» **About this exercise**
Exactly the lines from the beginning of the listing below through the line that contains "Dansby Swanson Having Fun - Unisex T-shirt" should be transcribed, and pictures must stay out.
══════════════════════════════
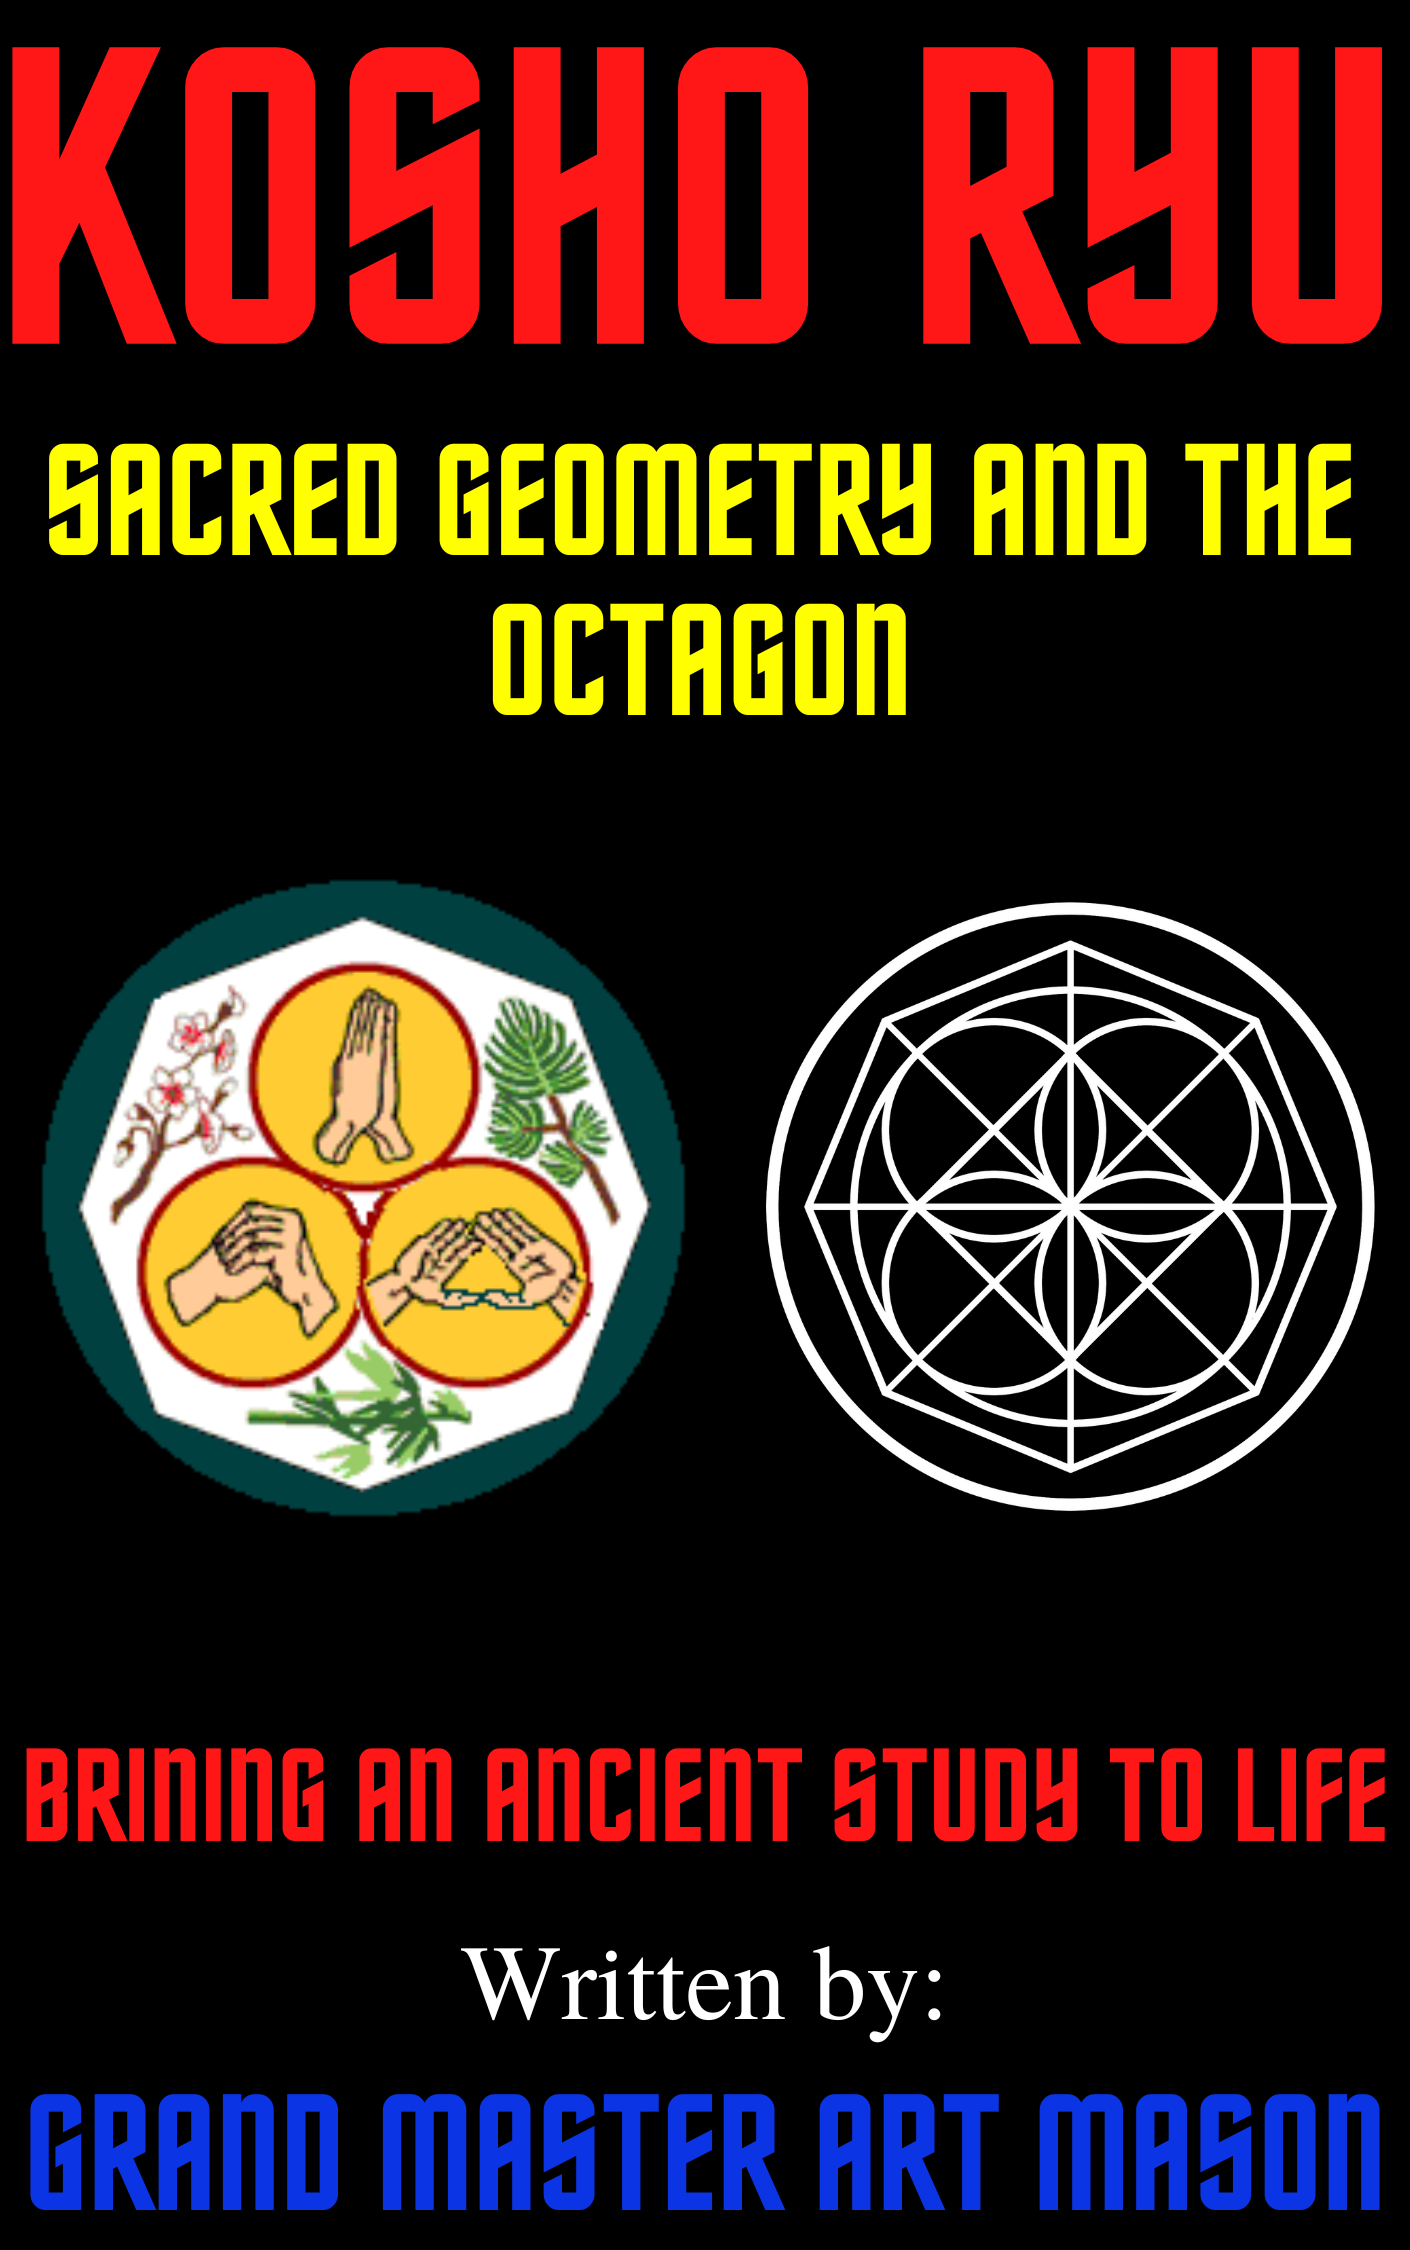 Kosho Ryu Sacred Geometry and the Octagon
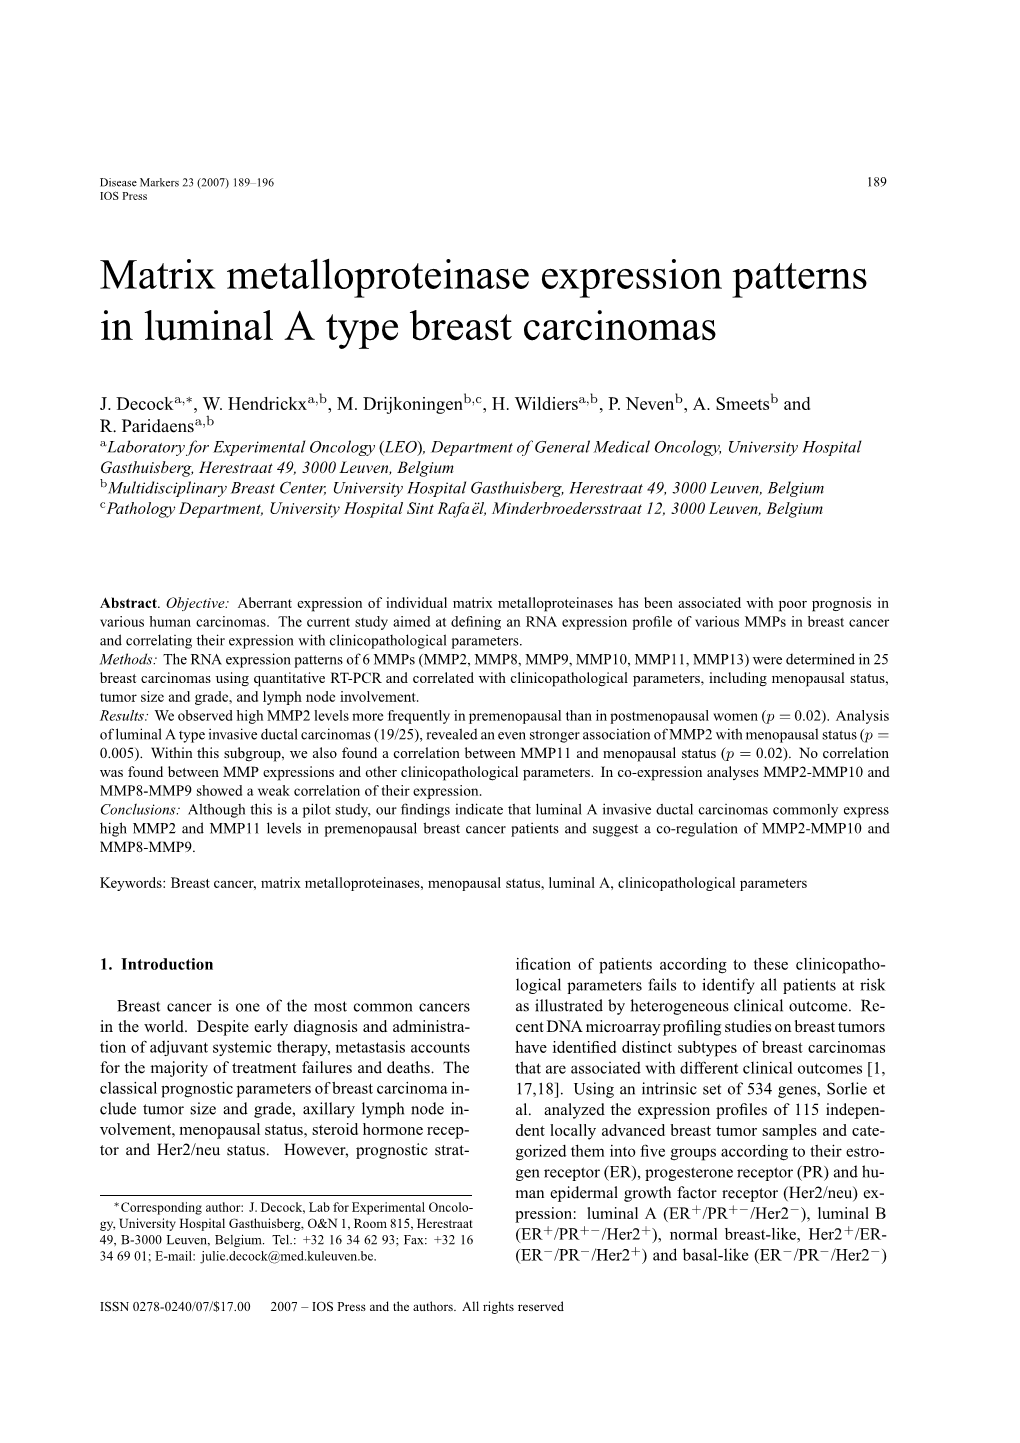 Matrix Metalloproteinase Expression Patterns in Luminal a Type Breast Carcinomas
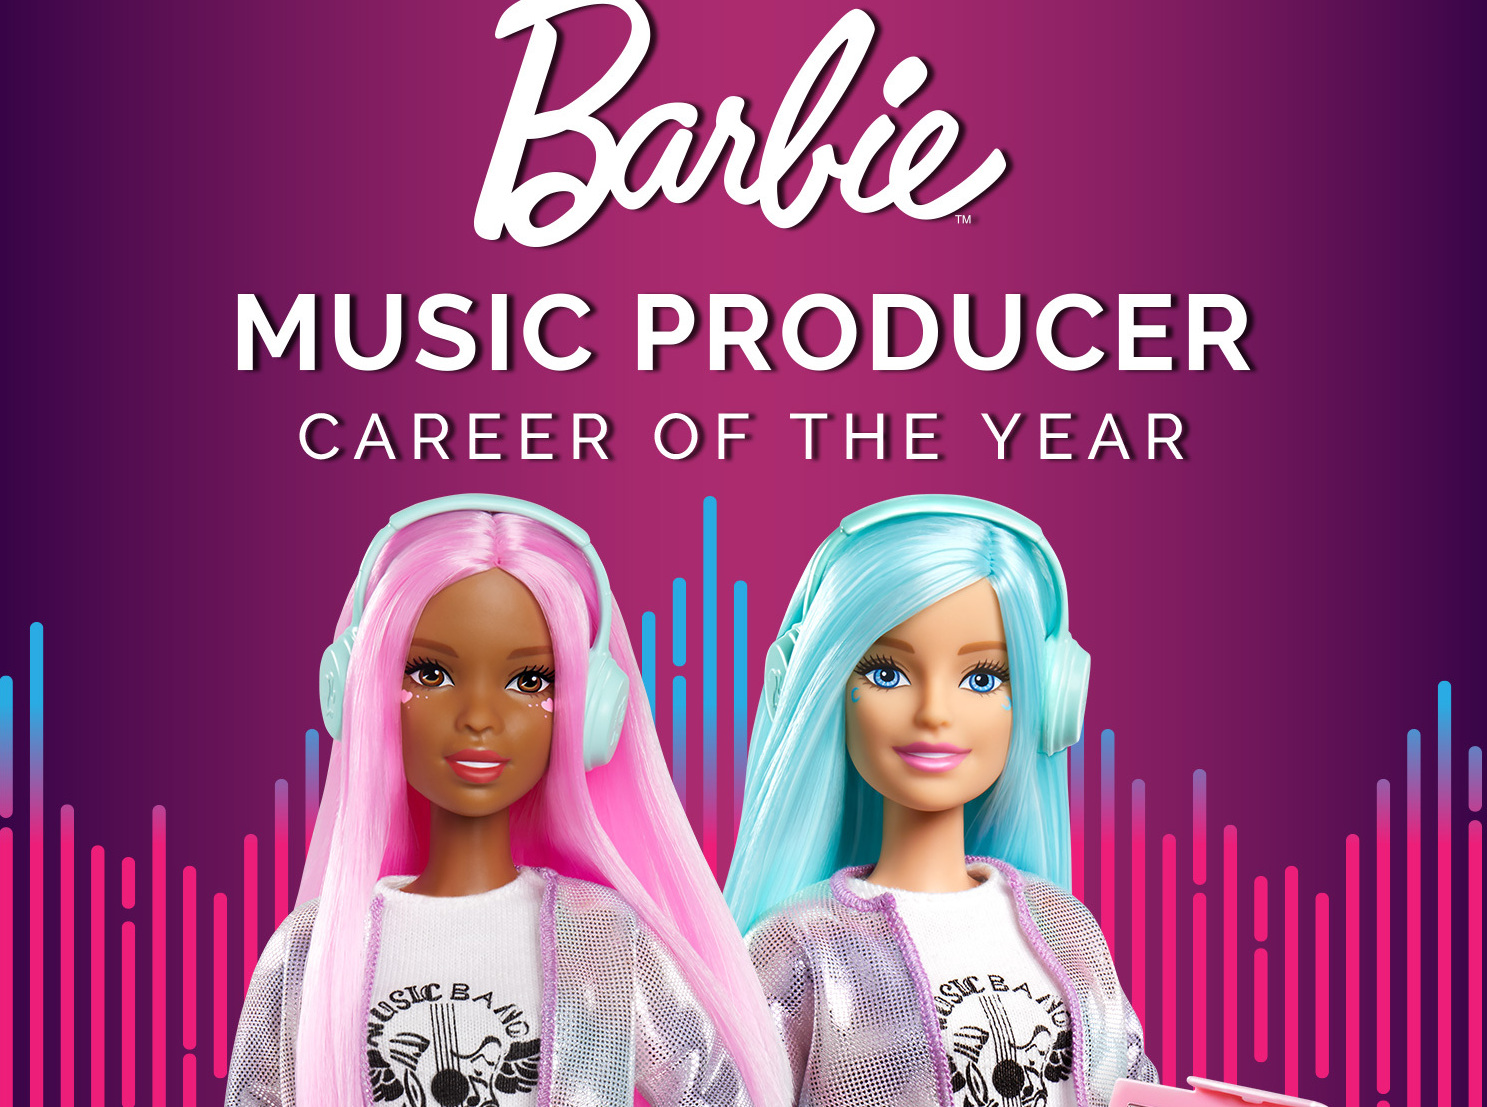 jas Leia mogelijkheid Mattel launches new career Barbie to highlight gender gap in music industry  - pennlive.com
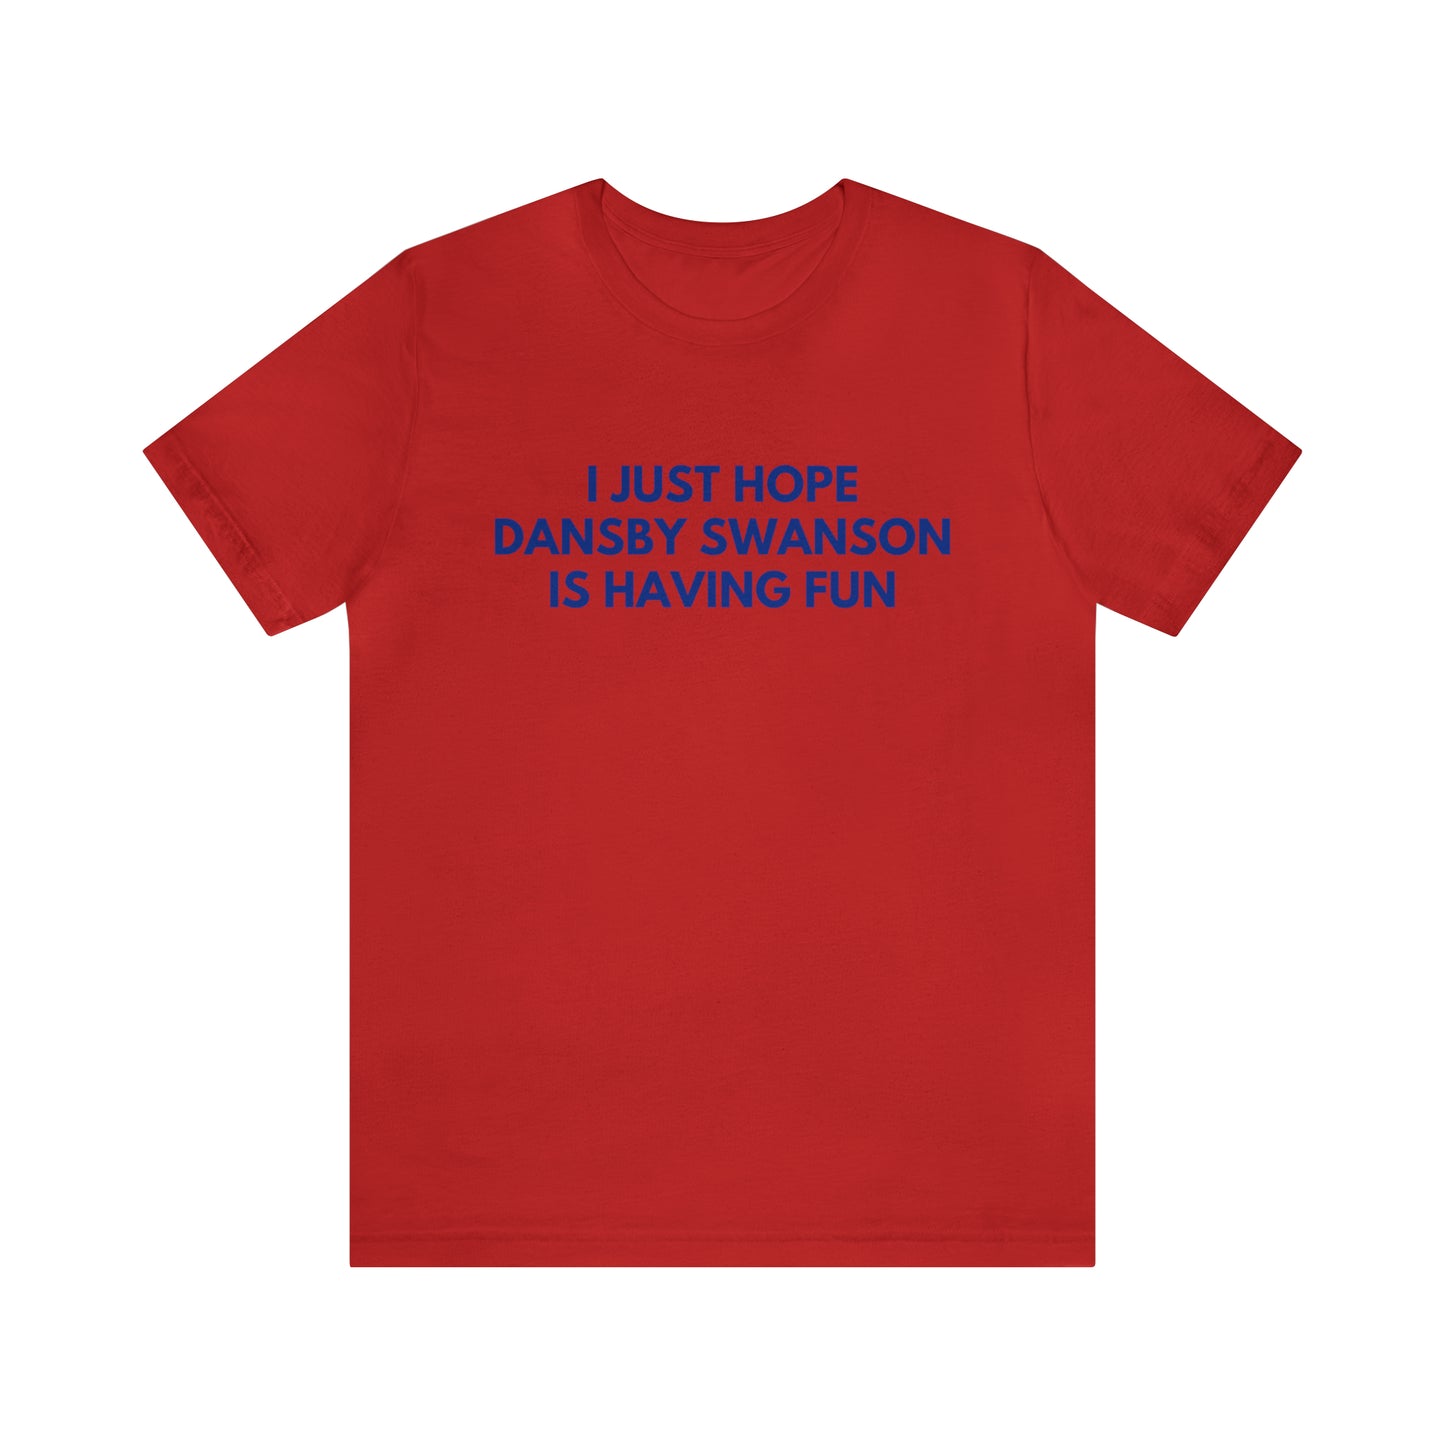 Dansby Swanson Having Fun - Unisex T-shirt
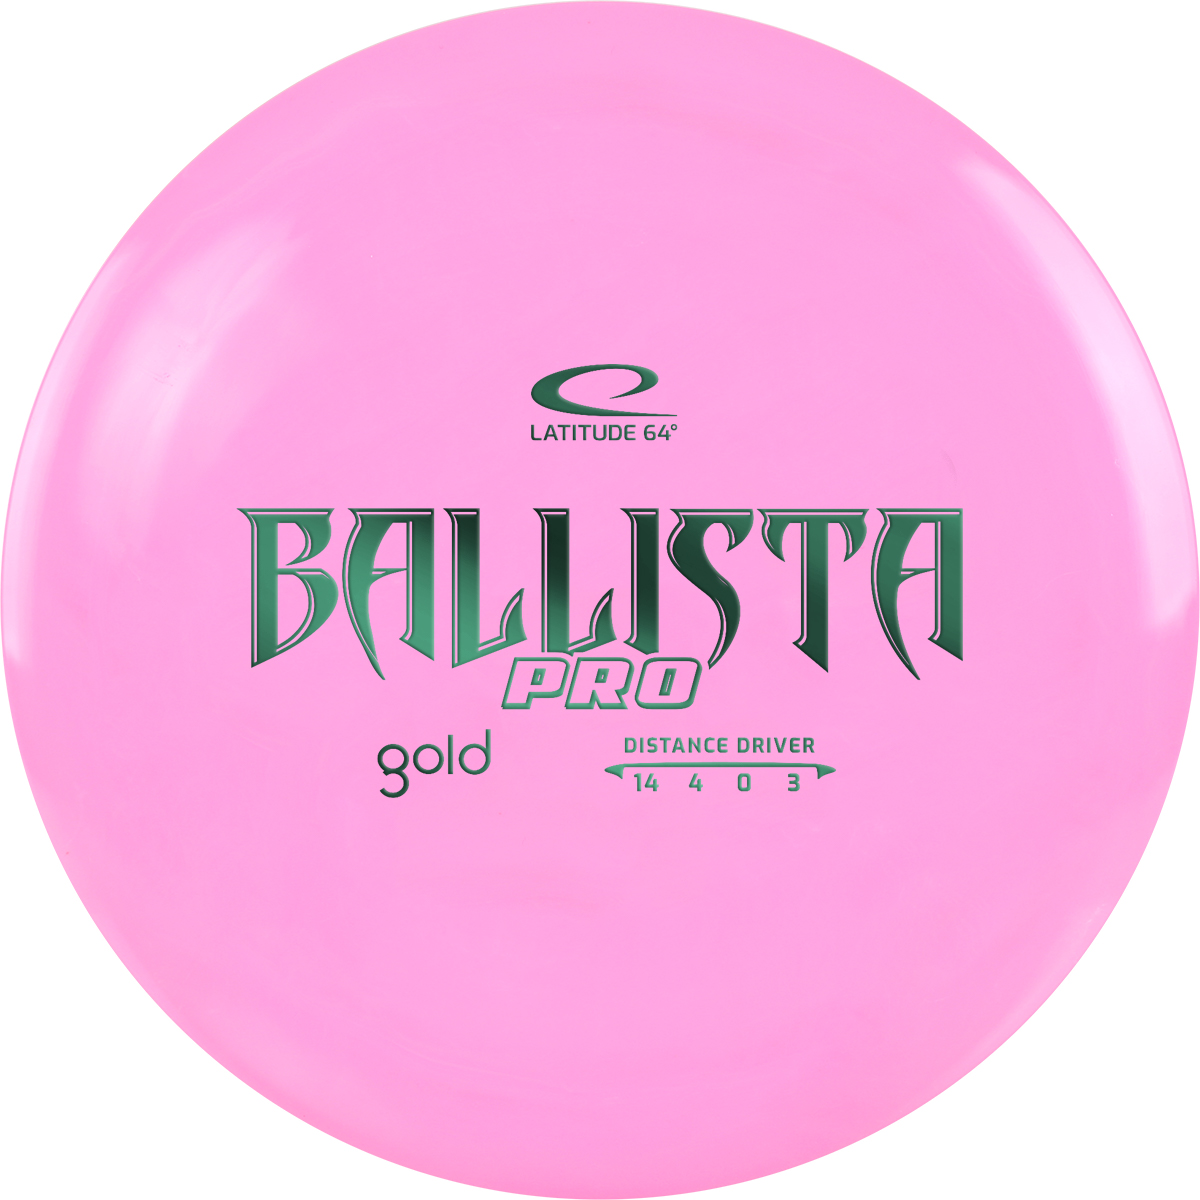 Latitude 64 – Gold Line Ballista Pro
══════════════════════════════
» **Completed task**
 Kosho Ryu Sacred Geometry and the Octagon
 Matrix Metalloproteinase Expression Patterns in Luminal a Type Breast Carcinomas
 jas Leia mogelijkheid Mattel launches new career Barbie to highlight gender gap in music industry  - pennlive.com
 Dansby Swanson Having Fun - Unisex T-shirt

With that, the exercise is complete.